The intersection of Brookline Avenue and Lansdowne Street, in the hours before, during, and after a Red Sox game, is not unlike a trading floor on pre-crash Wall Street: it’s chaotic, teeming with people, and everyone’s trying to make a buck. Scalpers aggressively push tickets; vendors hawk T-shirts, programs, and meat products. For a pedestrian weaving through swarms of such in-your-face salesmen and pulsating, beer-fueled Fenway faithful, it can be overwhelming.
Curious, then — suspicious, even — is the leprechaun-looking man approaching passers-by from his post (a beat-up, neon-green canvas chair placed in front of the Sausage Guy’s cart), saying he wants nothing but to take their photo. (He posts the shots on the multiple albums he keeps on his MySpace page.) On a chilly, gray Monday night outside Fenway, just before the Sox threw out the first pitch of a game against the Cleveland Indians — and the day before Boston clinched a playoff berth — the man waves his small, silver digital camera, and asks an approaching couple: “Can I take your picture?” They hesitate, as though considering his offer (perhaps they’re simply considering eating sausage). Eventually, the round, white-haired woman shakes her head firmly as they walk away. “We’re from Cleveland!” she protests.

The wandering photographer is David Allen Millette, a 52-year-old Middleboro native who calls himself “the Mayor of Lansdowne Street.” In 1995, Millette called it quits on Boston’s brutal winters and escaped to Florida to live in an RV near various beaches. For the past 13 years, however, he’s returned for Red Sox season. While he may be the very definition of a fair-weather friend to Boston, he’s thick-and-thin for its baseball team, and his vehicle — which also doubles as his living space — is a testament to that.

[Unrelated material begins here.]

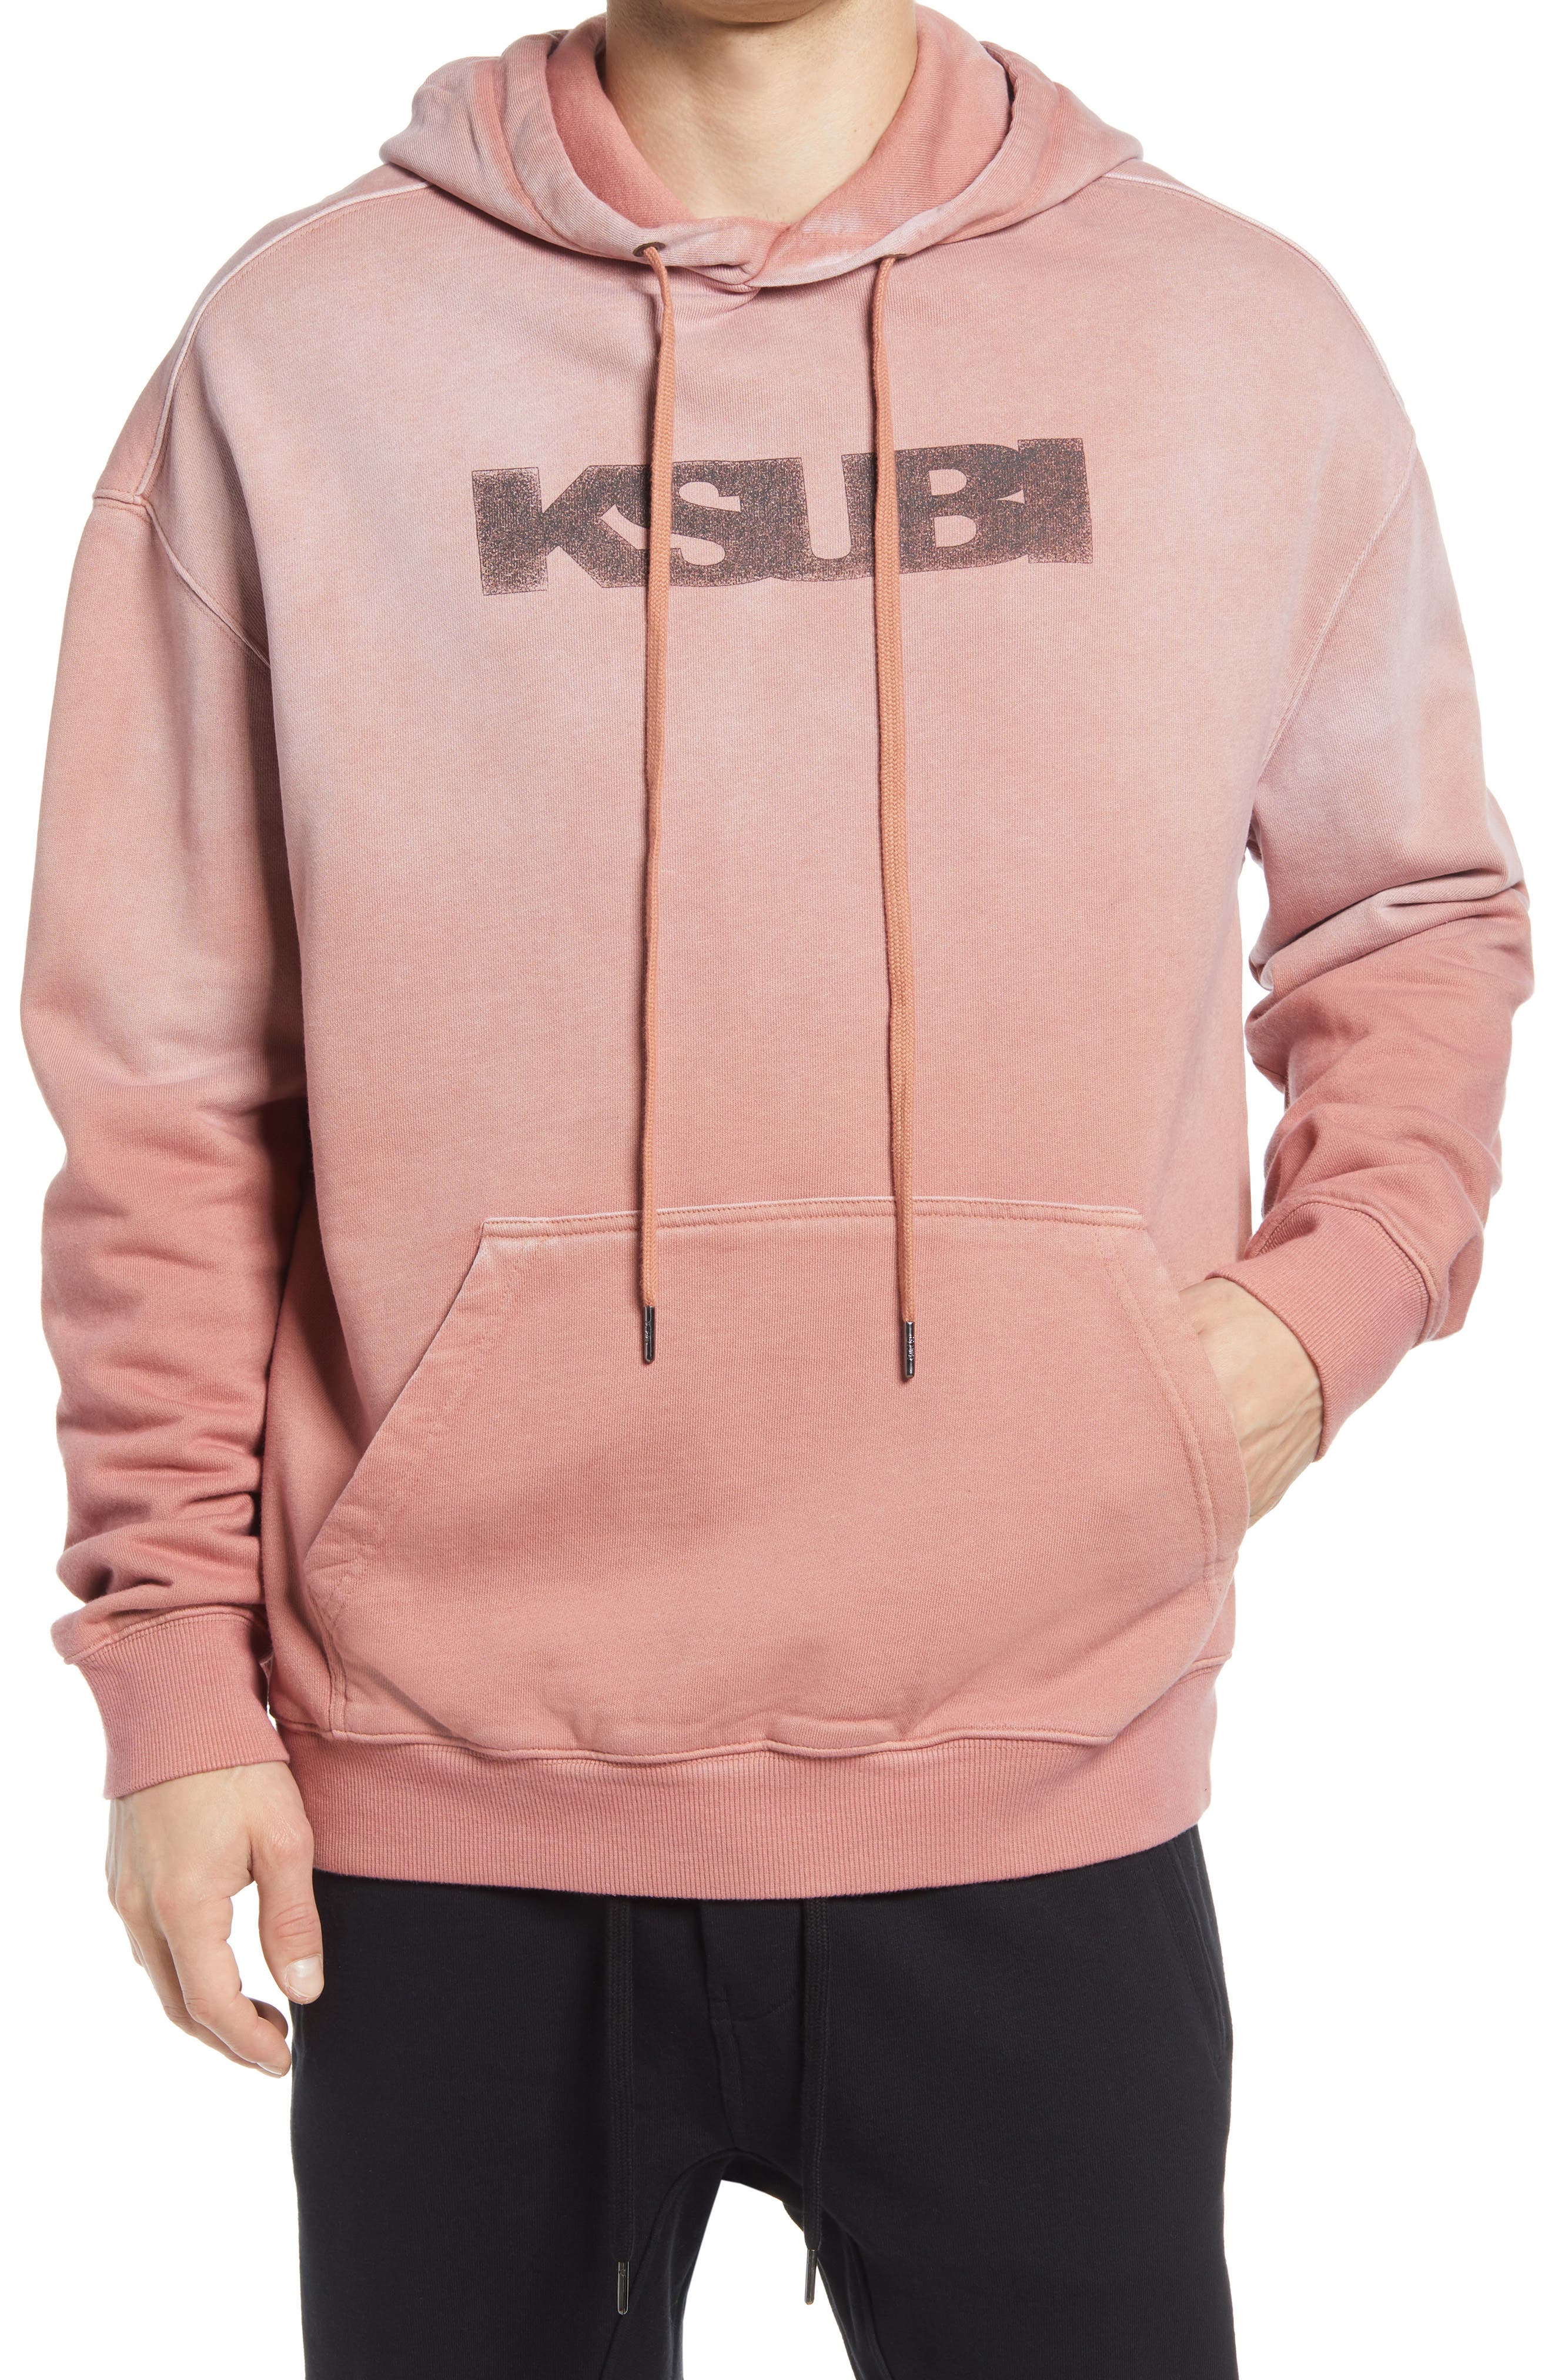 Ksubi Sign of the Times Biggie Graphic Hoodie in Red at Nordstrom, Size Large

It’s a 1980 Dodge Xplorer RV, the fifth camper he’s owned, and the first that’s become a mobile artistic homage to Boston’s baseball nine. Stickers reading things like IS IT 7:05 YET? collide and overlap on its bumper. Inside, Red Sox flags and blankets are draped neatly across the couches and doorway, and a plastic packet hangs from the windshield, safely protecting tickets from every game Millette’s attended in the past three years (as well as a Ted Williams baseball card he’s had since he was a kid).
A friend helped Millette find the RV in a small town in rural New York in March. Impressed with its cyclopean size (“It’s like a spaceship, almost!”) and its only-used-for-the-occasional-road-trip condition, he bargained with the seller, and bought it for $4500 — a bargain at roughly the equivalent of one Manny Ramirez at bat.
Since then, he’s transformed it into the “Rolling Green Monster,” an unofficial Red Sox mascot, and a conspicuous, hulking Kenmore presence. Millette meticulously painted the Xplorer with a shade best described as “Green Monster,” then emblazoned its moniker on the front and rear in dripping red letters (“Because we bleed red!” he explains, a semi-well-known Sox-fan expression). A neatly drawn scoreboard occupies the passenger side of the vehicle, celebrating a Sox home victory over the reviled Yankees. In the corner above the scoreboard, Millette has stenciled a date: “8/19/04.”
“It’s a test,” he claims, because the game on that date actually took place not at Fenway Park but at Yankee Stadium. The true, discerning Sox fan that glimpses the Rolling Green Monster, perhaps on an alcohol-aided post-game walk to the T, says Millette, will spot the error immediately. [Editor’s note: We’ll let it slide that an extremely discerning Sox fan might recall that the team was off on August 19, 2004, and that the scoreboard actually looks a lot more like the October 19 game in the Bronx that year — Curt Schilling’s legendary bloody-sock win in Game 6 of the ALCS.]
From strike zone to twilight zone
Millette alternates Red Sox hats and shirts as his daily uniform — red one day, Army print with a matching pair of green Nike sneakers the next. His face is George Hamilton–esque in color — perhaps from his winters spent in Florida — and, like an old baseball mitt, it’s gradually been worn down by life’s curveballs. He was diagnosed with hepatitis C this past year; now he survives mainly on disability insurance.
He’s flipped between jobs many times in his life, though for the past seven years he’s mainly worked in carpentry — and as a mime on the streets of Key West. He’s even managed to translate that idea into Sox speak, by painting his face red, donning a Dustin Pedroia jersey, and standing on a wooden box on Lansdowne Street, perfectly still and statuesque.
Though it was only christened six months ago, the Rolling Green Monster is constantly evolving as a vehicular testament to Red Sox Nation. White paint commemorates retired Sox legends along the upper edge of the RV’s passenger side. (Millette recently even added the not-so-dearly departed Ramirez.) When Neil Diamond — the schmaltzy singer whose 1969 pop single “Sweet Caroline” has been adopted by fans as a Red Sox anthem — played a concert at Fenway in August, Millette painted SO GOOD, SO GOOD, SO GOOD, in large block letters on the RV’s driver’s side.